Return the whole listing, line for line, without the pictures in it.

### EXERCISE DATA
○ ○ ○ ○
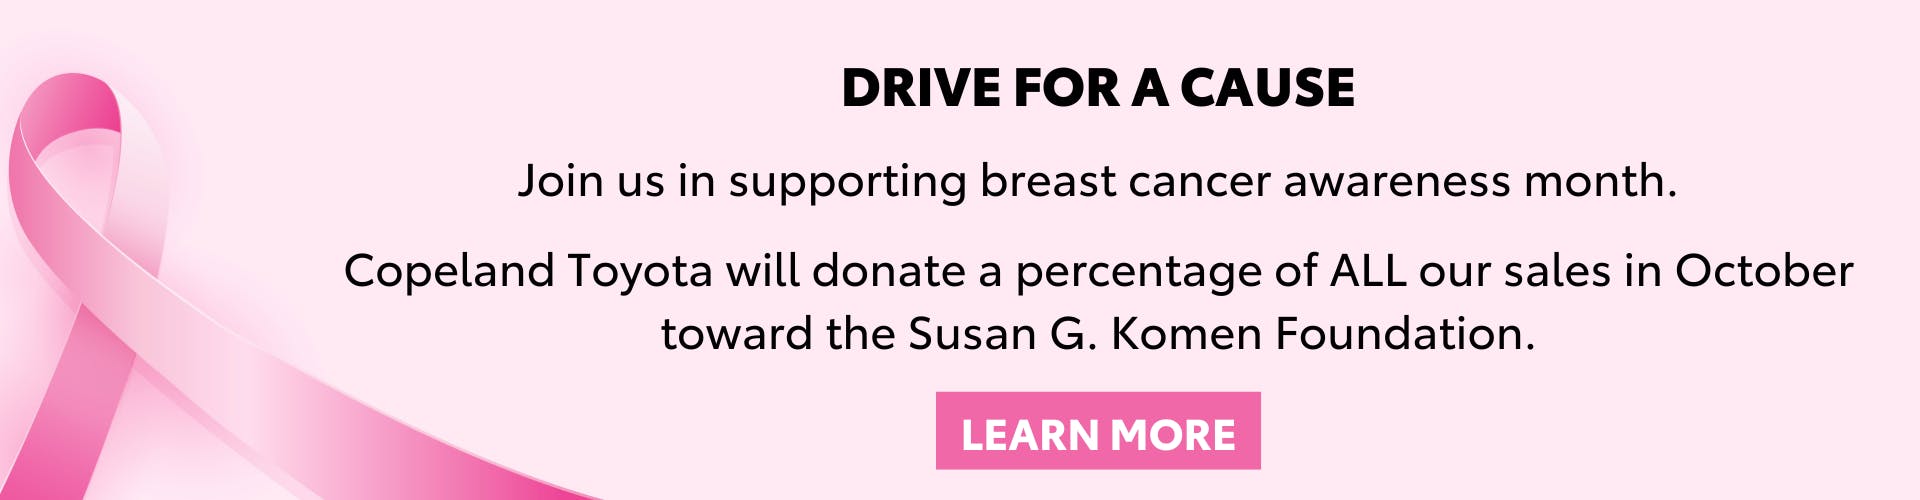 Drive for a Cause
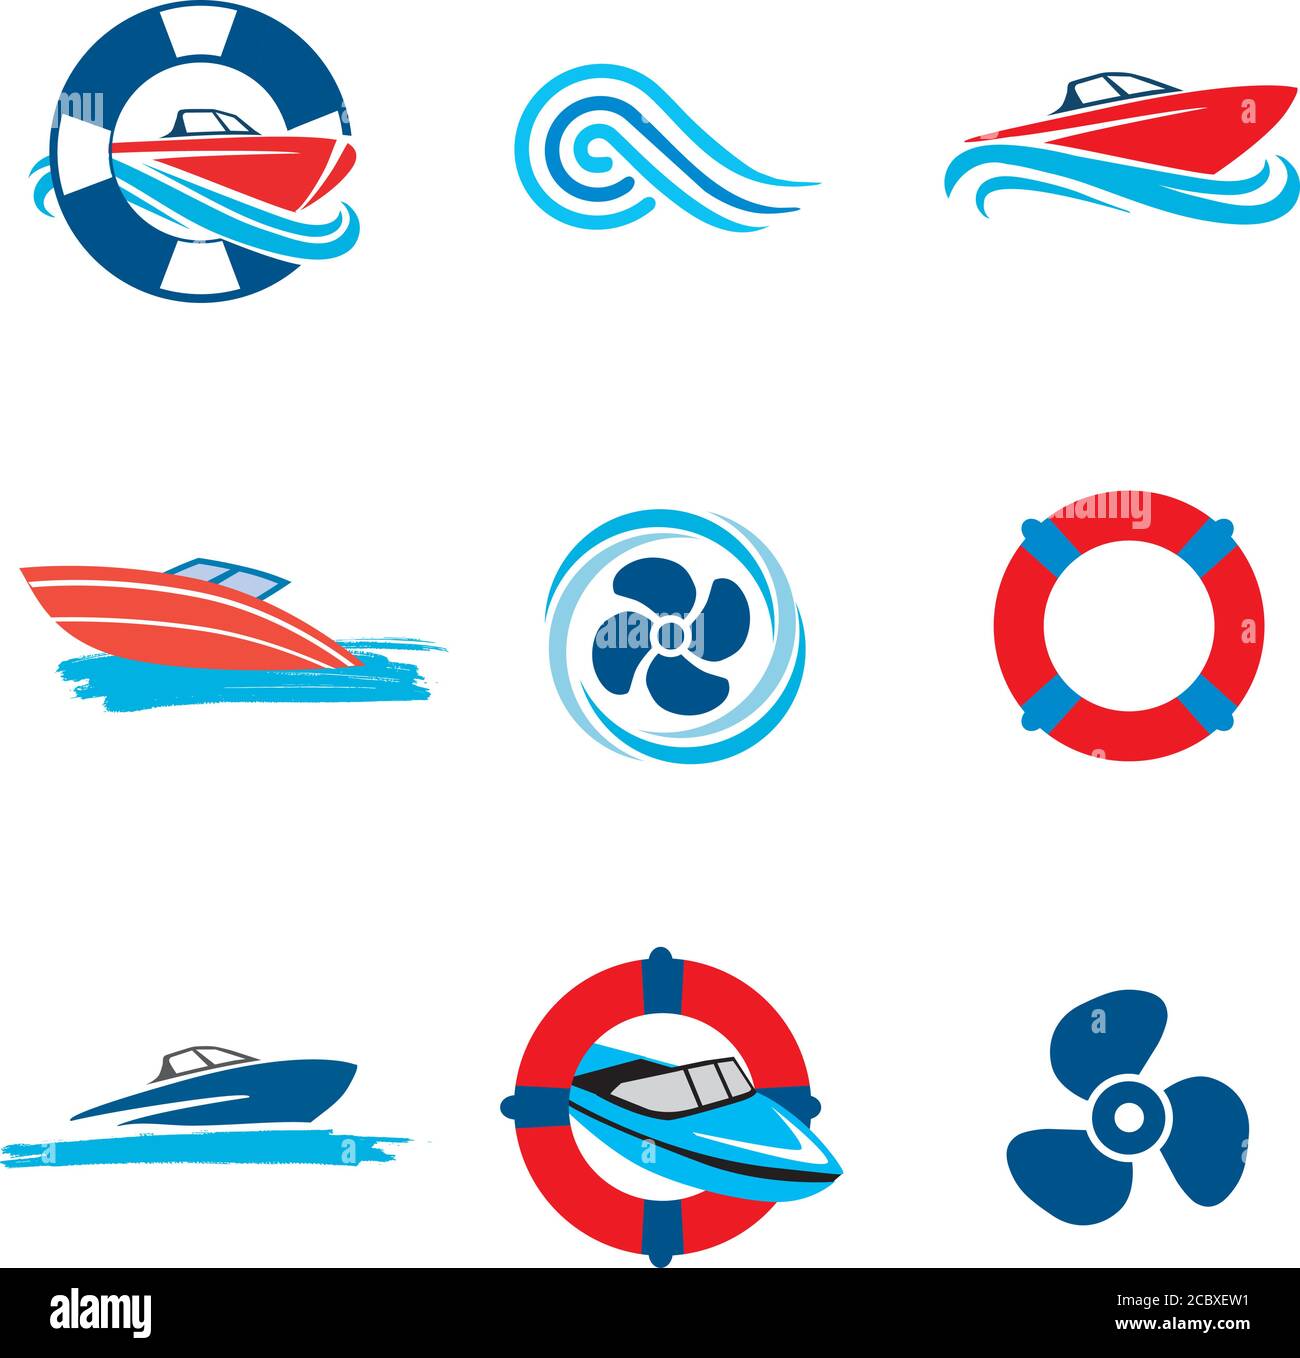 Motor Boat icons set. Set of colorful icons with Motor Boats and propellers. Vector available. Stock Vector
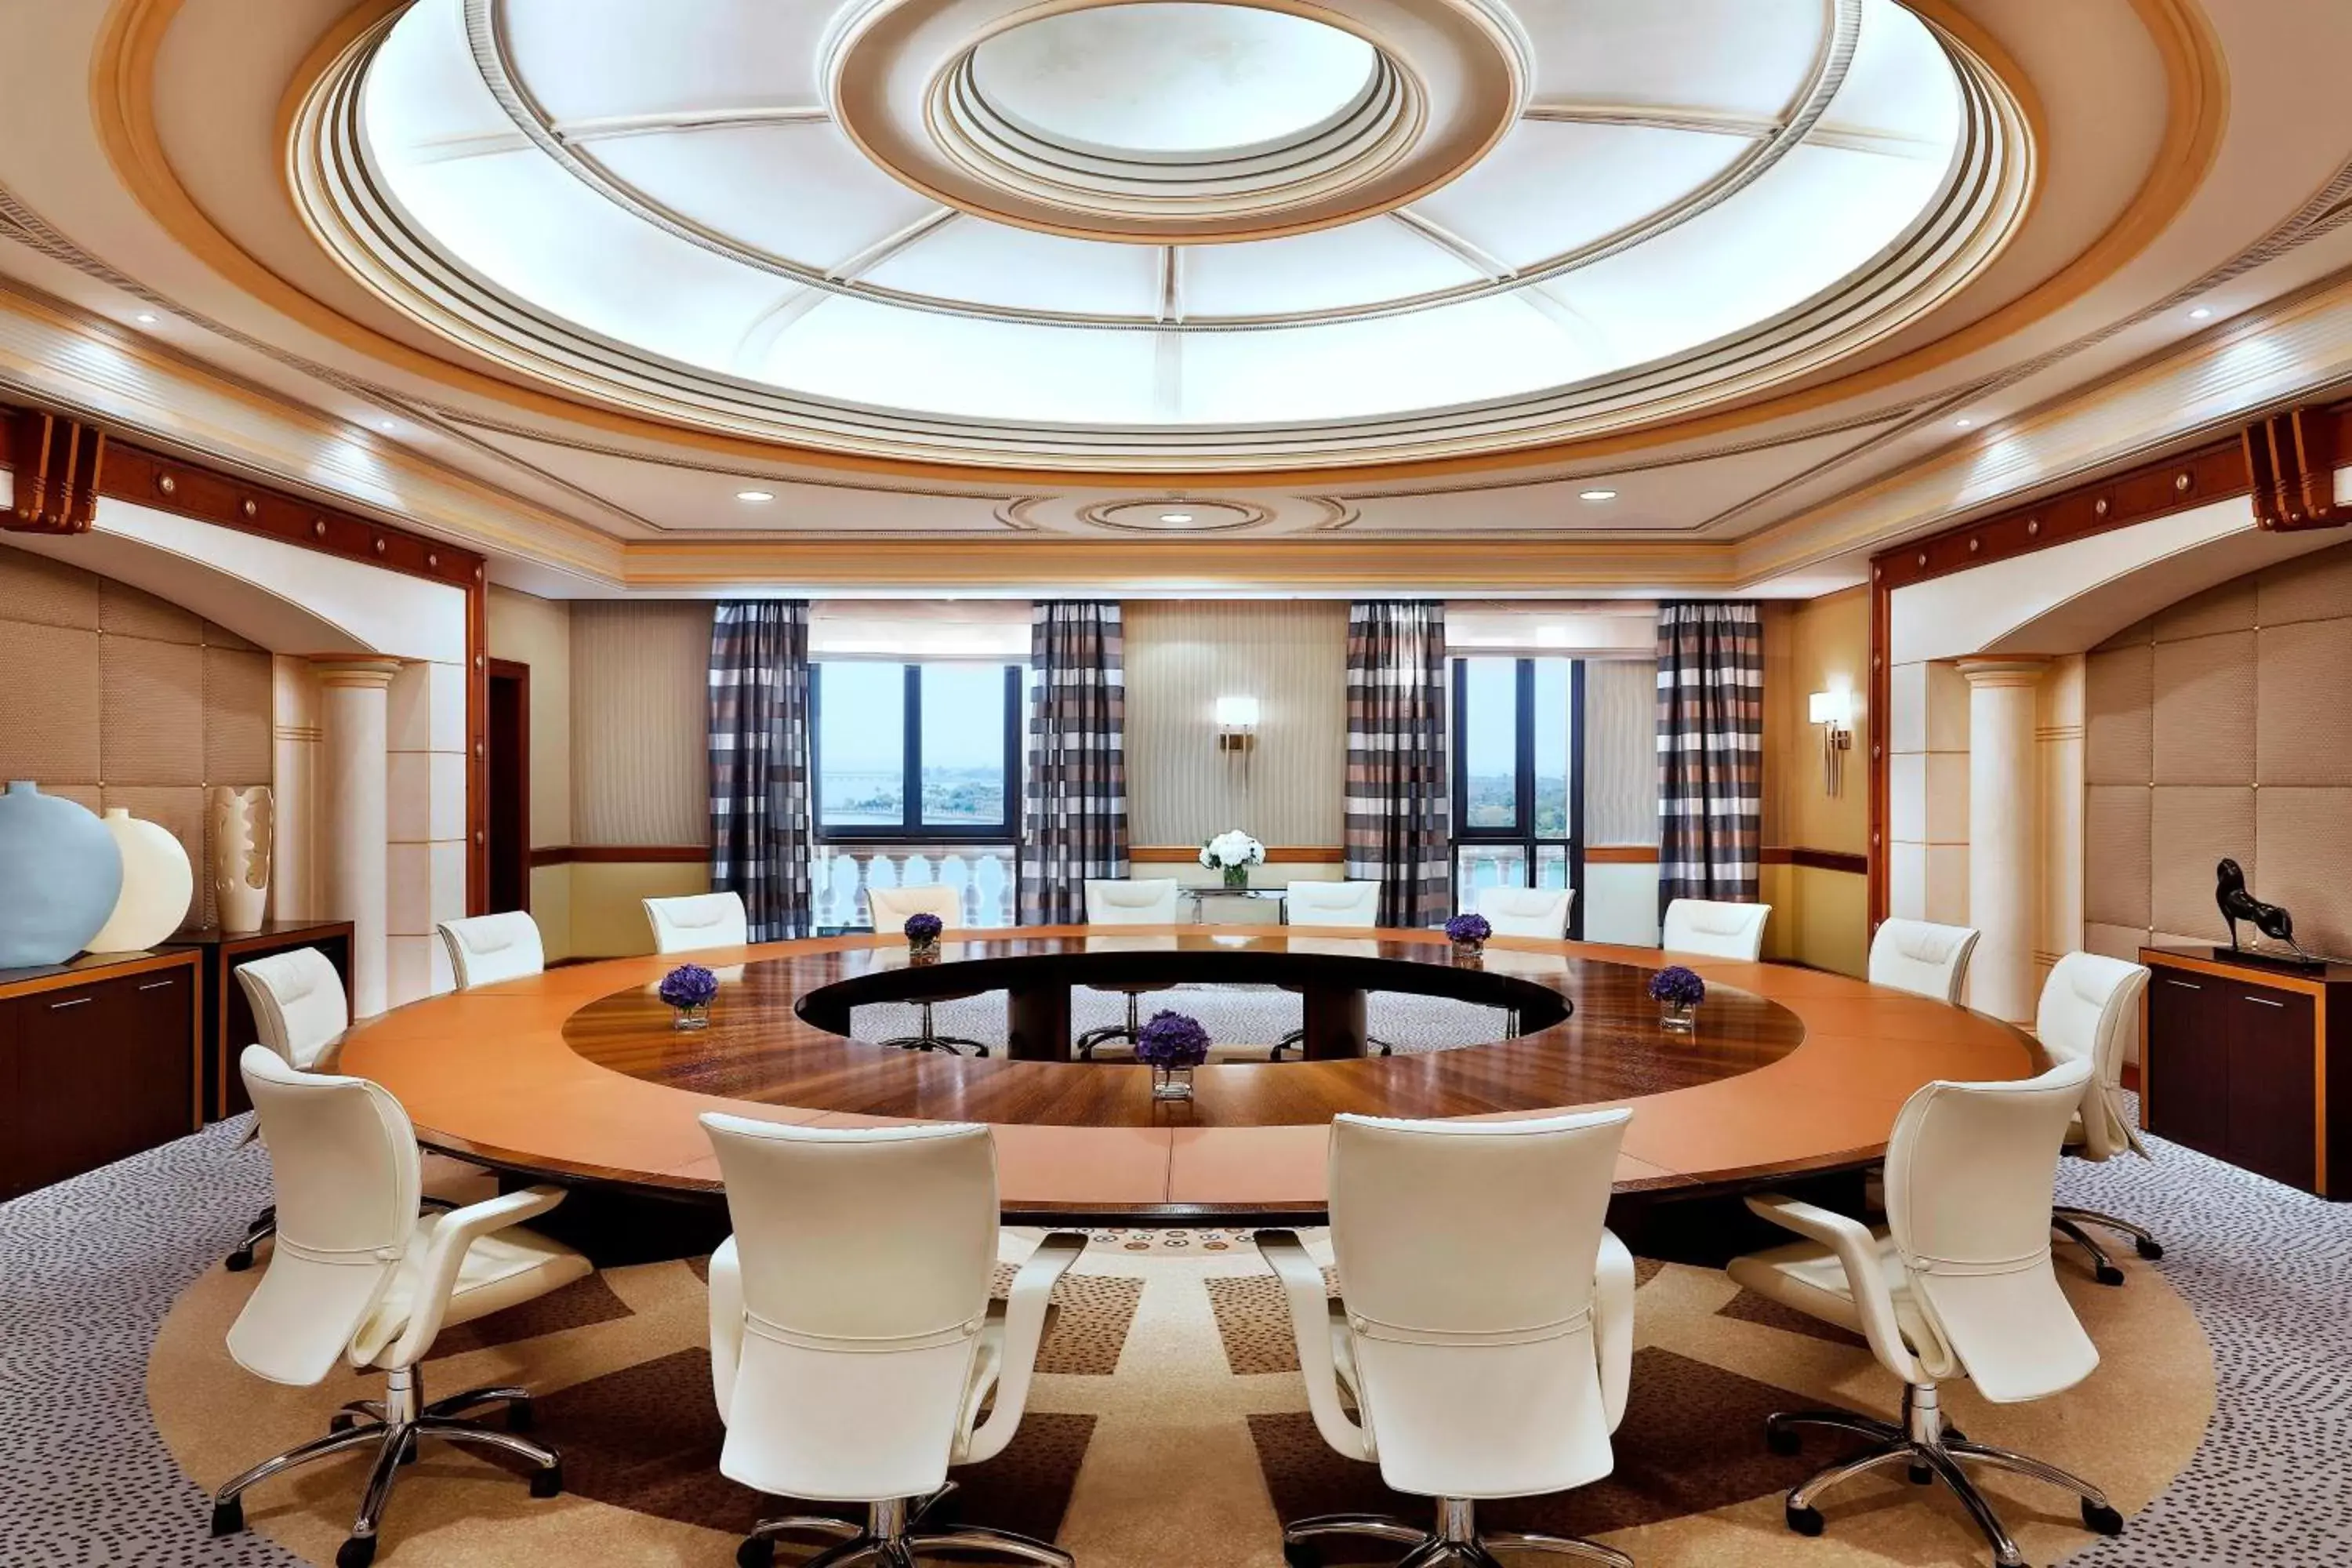 Meeting/conference room, Banquet Facilities in The Ritz-Carlton Jeddah
○ ○ ○ ○
### TASK ANSWER
 Drive for a Cause
 Motor Boat icons set. Set of colorful icons with Motor Boats and propellers. Vector available. Stock Vector
 Meeting/conference room, Banquet Facilities in The Ritz-Carlton Jeddah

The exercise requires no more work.